If I use CreateFileMapping to map a file into memory. Is it possible to find a reference to the function start?.

The above portion is called from:
.text:0062CA6B E8 40 5E 6A 00                                               call    sub_CD28B0

But what if I only have the function start, how would I go on on finding the caller, without breakpointing the code offcourse.
It's something that has me busy for a while now and I am wondering how it works.


qWord

Quote from: FlySky on May 04, 2013, 05:15:39 PM
Hey guys,But what if I only have the function start, how would I go on on finding the caller, without breakpointing the code offcourse.
simple in theory: You take the entry point ( if available: export directory) and start a analyses whereas you follow all jumps and calls if possible. The problem is code that get/calculate its addresses dynamically.
MREAL macros - when you need floating point arithmetic while assembling!

dedndave

as qWord says, you cannot depend on finding all of them
the vectors for routines might be in a table, for example

also, just because the numbers add up, doesn't mean it's a real call
there might be other code or data that appears to call a certain address
in practice, you might find it rare, though

having said that, you can calculate the near displacement for each address and see if there is a call instruction
near relative calls in 32-bit code are 5 bytes long:

00402B00:
E8DE000000        call    sub_00402BE3
NextEip:
00402B05:


E8h is the call opcode, and the operand is 000000DEh
DEh is calculated as the address of the called routine, minus the address of the return
00402BE3 - 00402B05 = 000000DE
notice that the operand can be negative if the routine's address is lower than the call   :P

Tedd

You're thinking about it backwards. You don't want to find all the callers of a given function, you want to find all calls to all functions - some of which will be to the same function, so then you can group those together.

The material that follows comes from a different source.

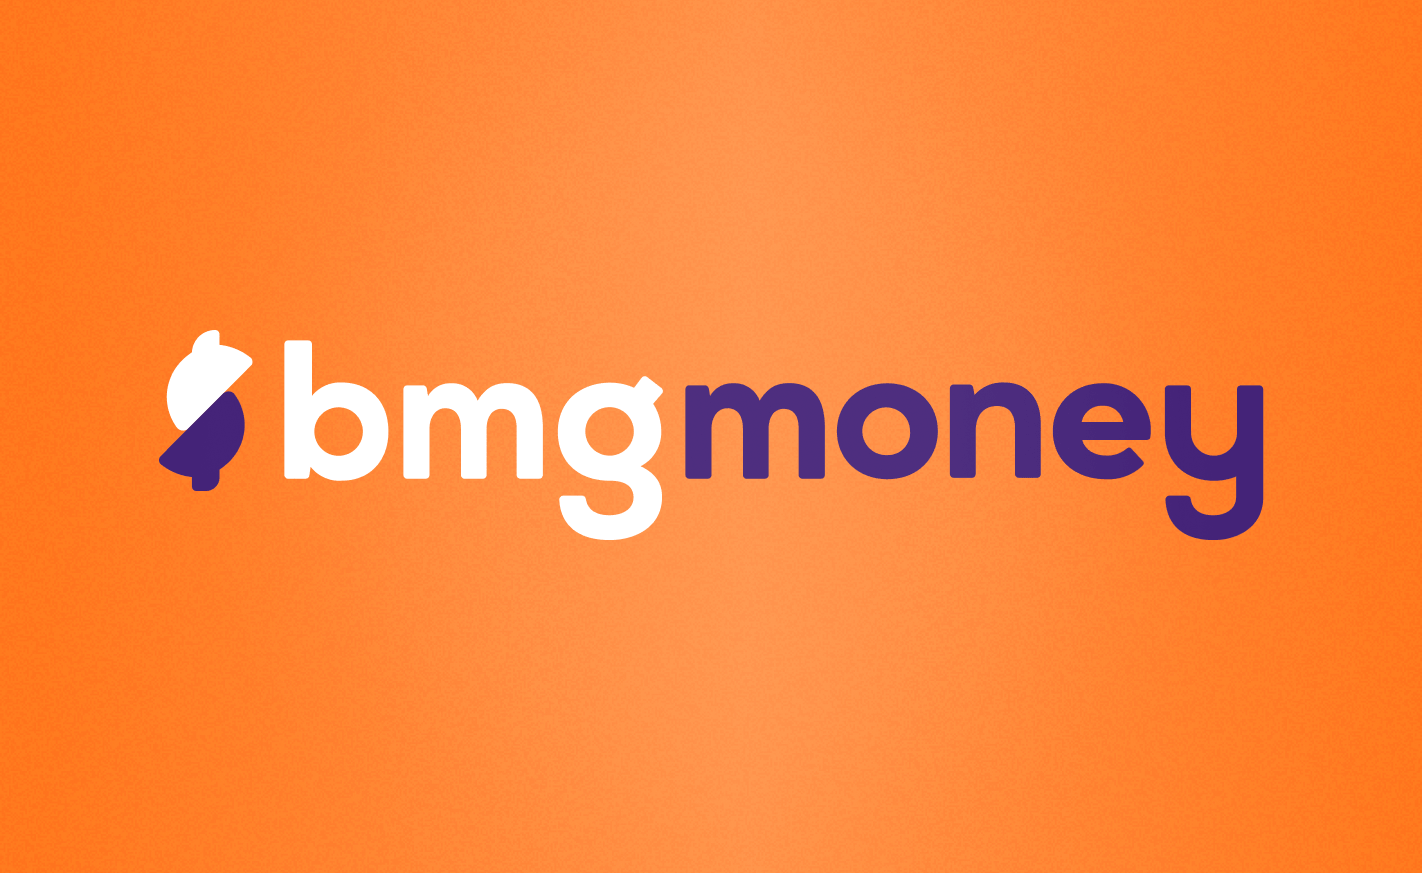 BMG Money increases qualified leads by 42% and cuts cost per lead by 51%

Anyway, before you get to that point, you have a lot more to do :P

Before you even start the disassembly, you'll need to decode the PE format. Map the exe's sections, calculate their addresses, etc. By then you'll have the entry point, so that's where you start decoding instructions.

You can do that quite linearly until you get to a jump or call. Branch off and follow those paths, but still keep note of the path you were following. Eventually, you will have followed all reasonable code paths and have the information to define the bounds of functions and their callers, and similarly with jumps.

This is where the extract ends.